Jenna se giró hacia el lugar donde se había producido el derrumbe. Su jefe frunció el ceño y, sin decir una sola palabra, pasó por delante de ella, comprobó lo sucedido y la miró con expresión sombría, aunque ya no parecía enfadado.
Ella no supo qué pensar. Evandro era tan impresionante en persona que estaba completamente confundida. Su alto y potente cuerpo la había dejado anonadada.

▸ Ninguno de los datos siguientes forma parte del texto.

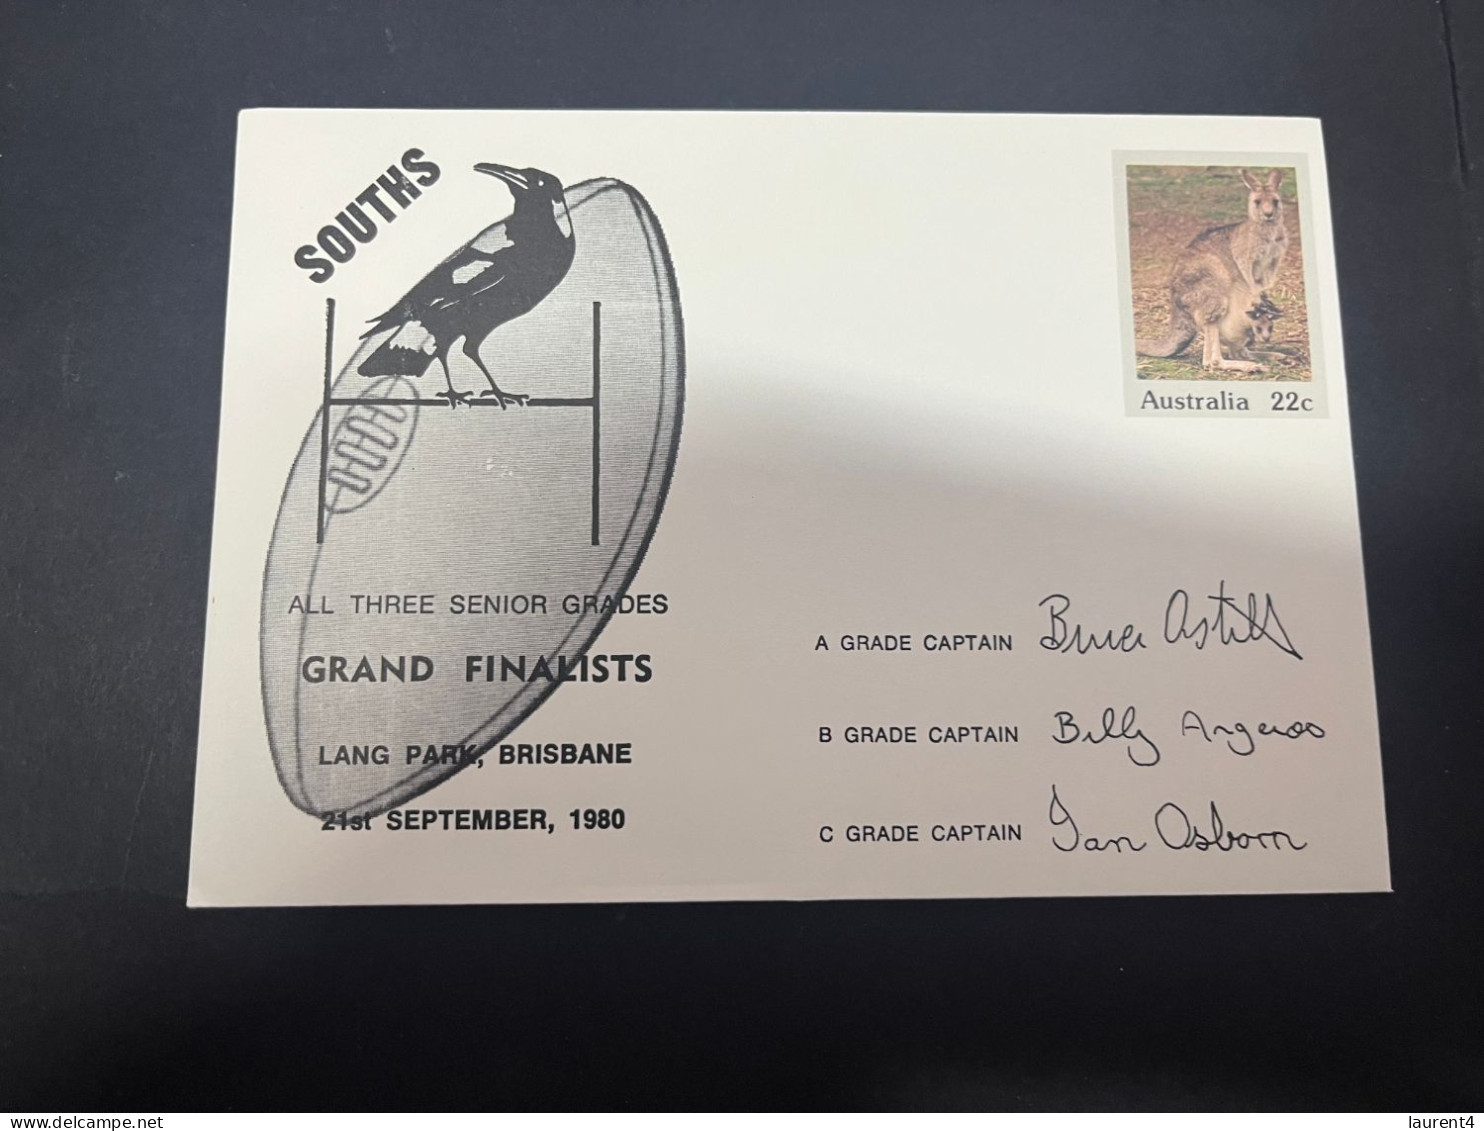 1-5-2023 (3 Z 39) Australia FDC (1 Covers) 1980 - OZ Football - South (magpies) Grand Finalists (signed - Kangaroo) - Ersttagsbelege (FDC)

–Menudo desastre –dijo él.
Evandro apretó los dientes, regresó al coche y apagó las luces. Luego, sacó el teléfono móvil y habló con alguien en italiano, pero tan deprisa que Jenna no entendió ni una palabra. A continuación, cortó la comunicación, se guardó el móvil en uno de los bolsillos interiores de la chaqueta y la miró con el ceño fruncido, como si la viera por primera vez.
–¿Se puede saber quién es?
Jenna no tuvo ocasión de contestar, porque se contestó él solo.
–Ah, claro, debe de ser la profesora de inglés… Aunque, con la luz del crepúsculo, me ha parecido un duende de los bosques –dijo soltando una carcajada irónica–. Bueno, vuelva al palazzo. Van a venir a recogerme, y a cerrar el camino para que nadie se mate. Lo despejarán mañana por la mañana.
Evandro volvió al coche, abrió el maletero y sacó lo que parecía ser su equipaje. Jenna se abrió paso entre las rocas desprendidas y se fue.
Aún no había salido de su asombro.
Acababa de conocer al padre de Amelie.
Jenna apartó una rama caída y aceleró el paso, pensando en el rico y poderoso empresario que le había gritado y le había ordenado que volviera al palazzo. Pero, por dictatorial que fuera su actitud, también le había mostrado su sarcástico sentido del humor. Incluso la había comparado con un duende.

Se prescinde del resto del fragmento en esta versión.